3) Durante i colloqui d’esame alcuni ragazzi hanno raccontato delle esperienze durante la Dad, dei rapporti di amicizia all’interno della classe, di come abbiano cercato di lavorare insieme anche da remoto. Queste narrazioni e, a volte anche gli sguardi, suggeriscono la centralità delle non cognitive skills nel processo di apprendimento. La scuola non può perdere l’occasione, anche a seguito di quanto è accaduto durante il periodo della pandemia, di perseguire nella strutturazione dei curricoli e nella quotidiana attività didattica la sinergia tra cognitive e non cognitive skills. Gli studenti che hanno saputo raccontarsi, interrogarsi, che hanno evidenziato capacità critiche spesso sono ragazzi che hanno una maggior maturità nelle character skills.

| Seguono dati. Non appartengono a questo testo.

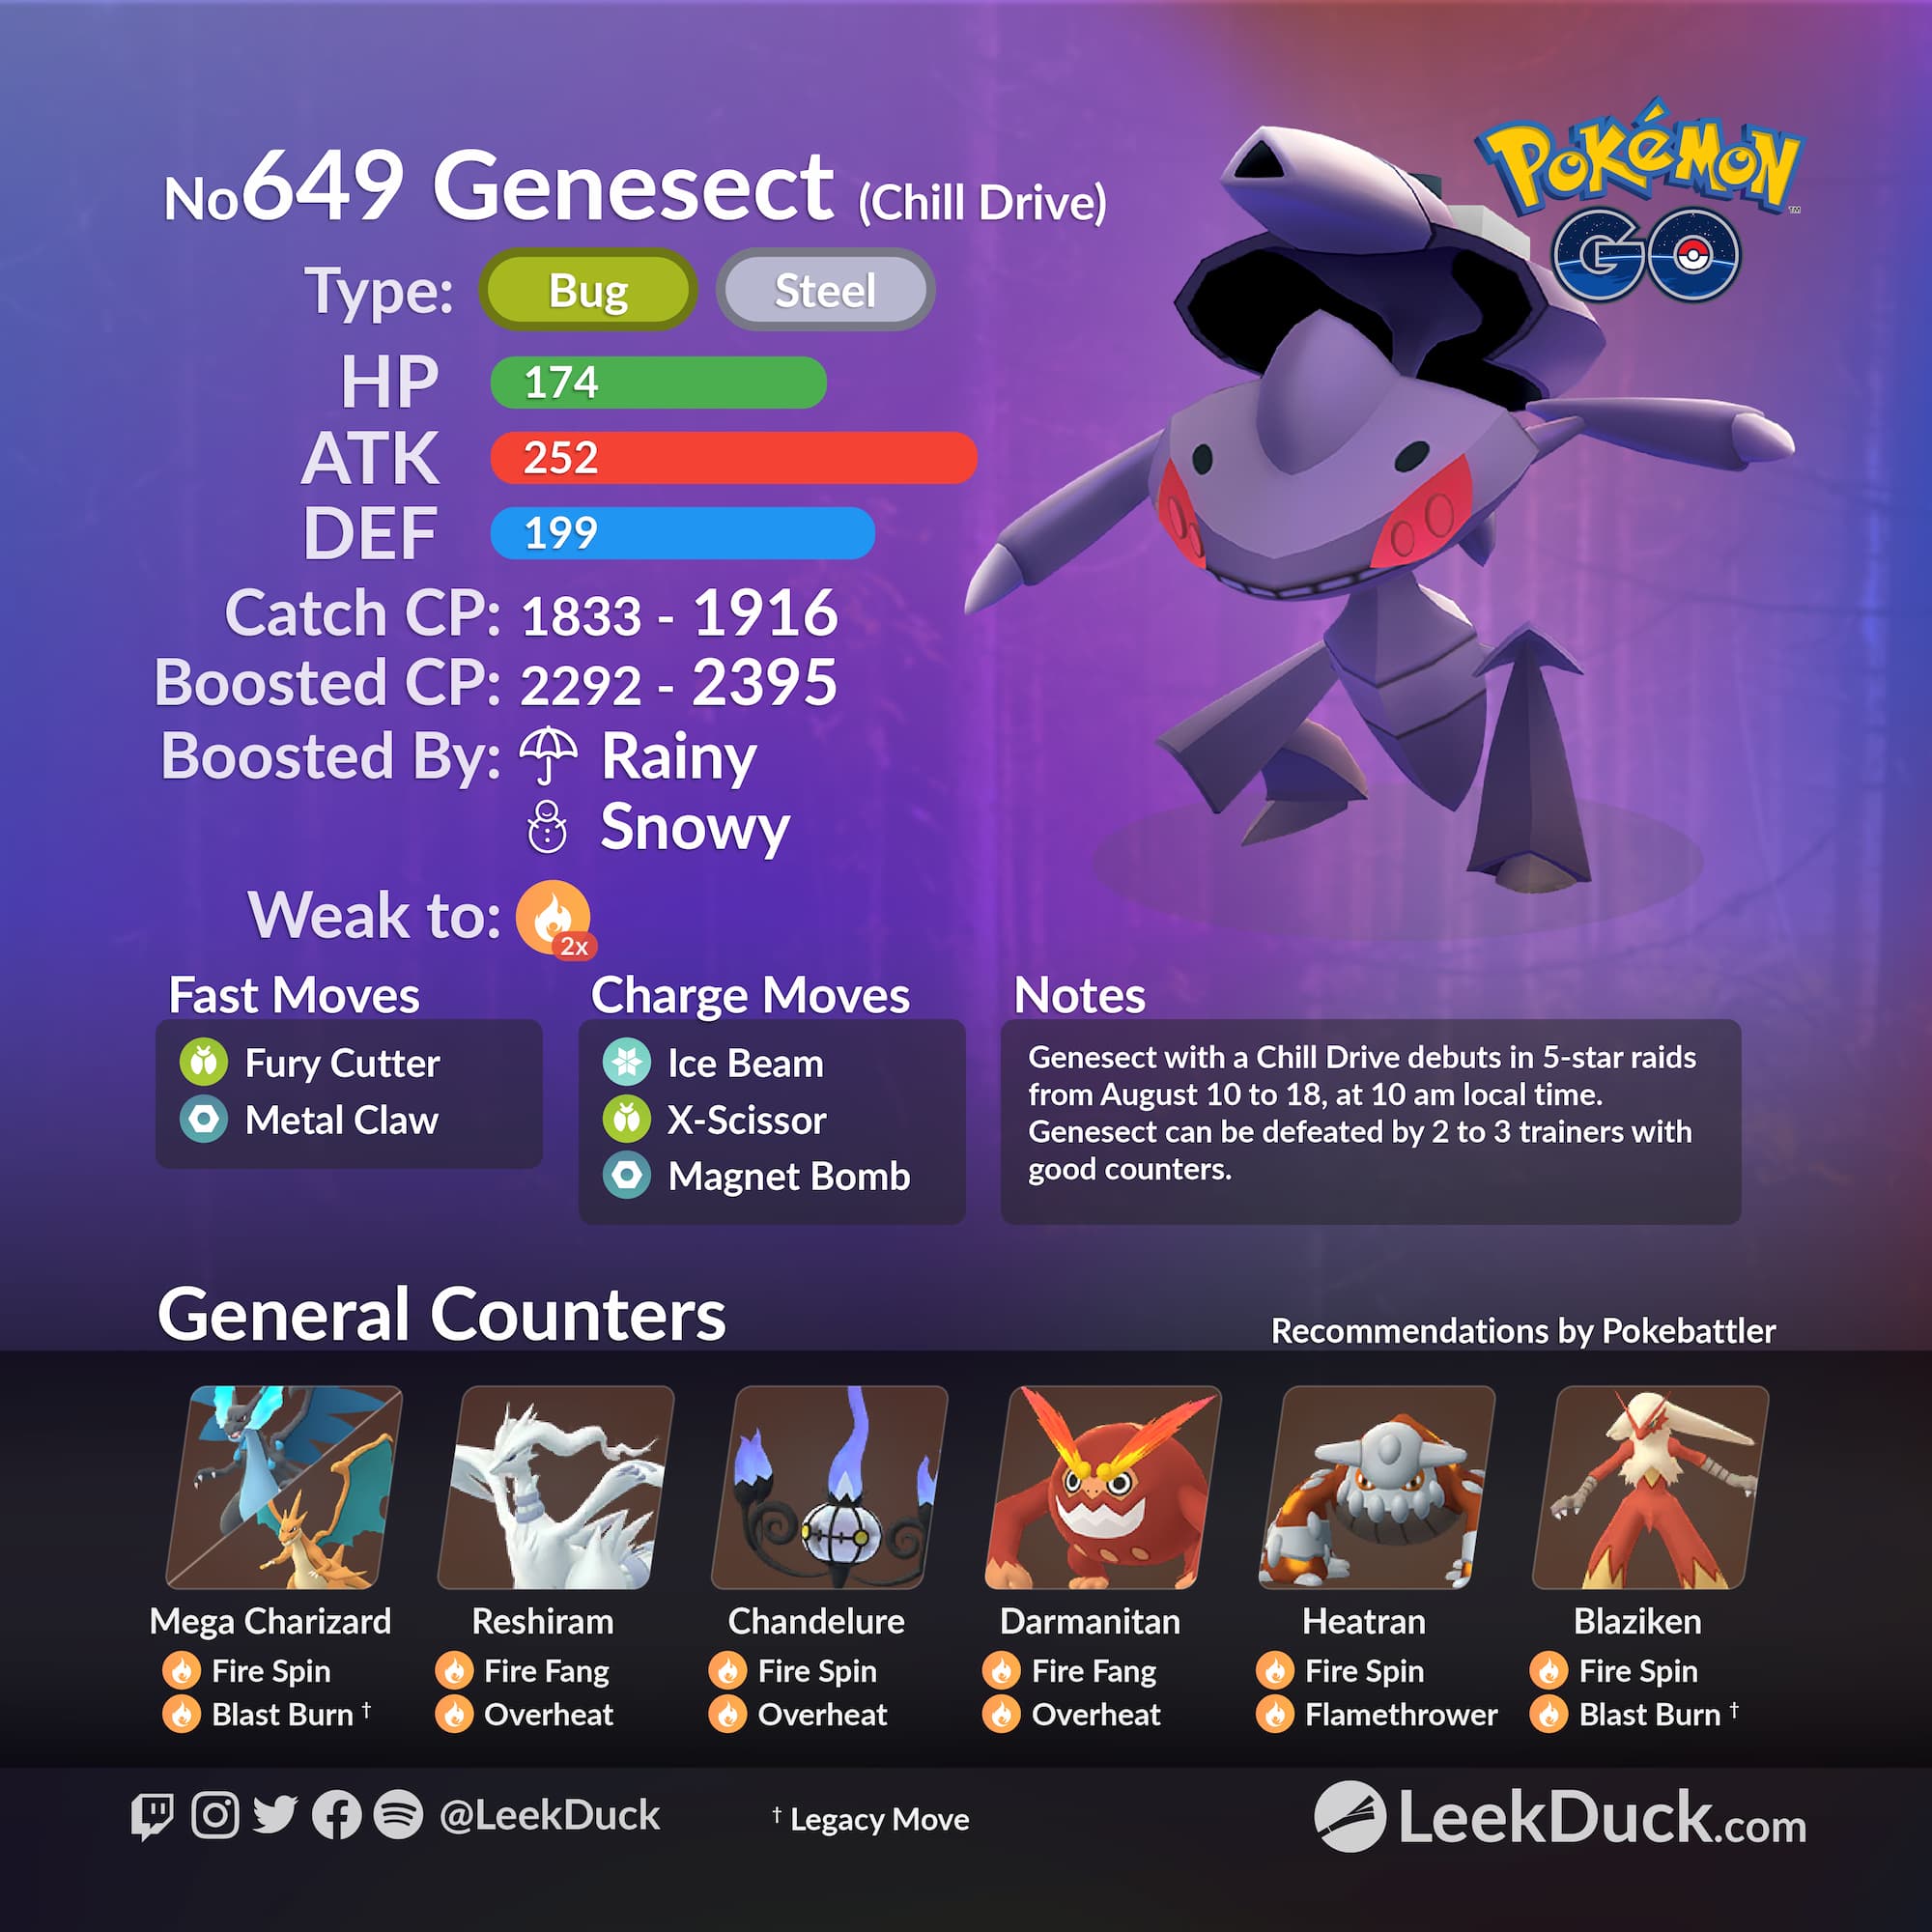 Pokémon GO Changes Genesect Quests So They Can All Be Done Alone

4) La metodologia didattica deve necessariamente superare l’approccio della lezione trasmissiva, favorendo pratiche in cui lo spirito euristico sia il motore per introdurre lo studente nell’avventura della conoscenza. Un ragazzo riesce a costruire un elaborato originale, personale e valido solo se nel suo percorso scolastico si è messo in gioco in reali percorsi di ricerca, se ha fatto esperienze di apprendimento non come replicazione di conoscenze, ma come conquista personale attraverso la progressiva crescita di competenze argomentative, di problem solving, di spirito critico.

5) In diversi colloqui i ragazzi hanno fatto riferimento a esperienze dell’extra scuola: sport a livelli agonistici, frequenza di corsi, scoperta di una passione o di un talento che in alcuni casi ha avuto come tramite un volto, una persona incontrata fuori dalle mura scolastiche. Senza disconoscere il valore della scuola, che ha un preciso e insostituibile mandato costituzionale, si tratta di accogliere e favorire tutte le occasioni per la scoperta e la crescita dei diversi talenti in sinergia tra scuola ed extra-scuola.

6) Il percorso è stato valutato in un’ottica formativa attribuendo valore anche al processo di costruzione dell’elaborato e non esclusivamente alla sua realizzazione finale. Così dovrebbe essere per la quotidiana attività didattica: un compito è sempre perfettibile, l’errore è una risorsa per crescere nel cammino dell’apprendimento, la conoscenza è un cammino di progressivo approfondimento, di crescita di nessi significativi. La valutazione formativa attesta nel tempo le conquiste dell’apprendimento guidato dai docenti.

Non si è voluto in queste brevi note entrare nel dibattito sulla modalità con cui si è realizzato l’esame di Stato in questo anno, sull’opportunità o meno dell’abolizione delle prove scritte, sulla possibilità che questa modalità possa replicarsi anche negli anni a venire.

Si è voluto semplicemente sottolineare che l’esperienza dell’apprendimento diventa possibile solo quando lo studente è protagonista del cammino dell’imparare, quando la conoscenza non è replicazione di contenuti, ma acquisizione critica e quando le discipline sono concepite come strumenti di conoscenza della realtà.

Anche un esame di Stato allora diventa un’occasione per dire “io”, per dare voce al proprio talento davanti ad una commissione che interroga, nel senso di un chiedere (rogare) nel mezzo (inter) di un cammino di conoscenza accompagnato dalla professionalità dei docenti.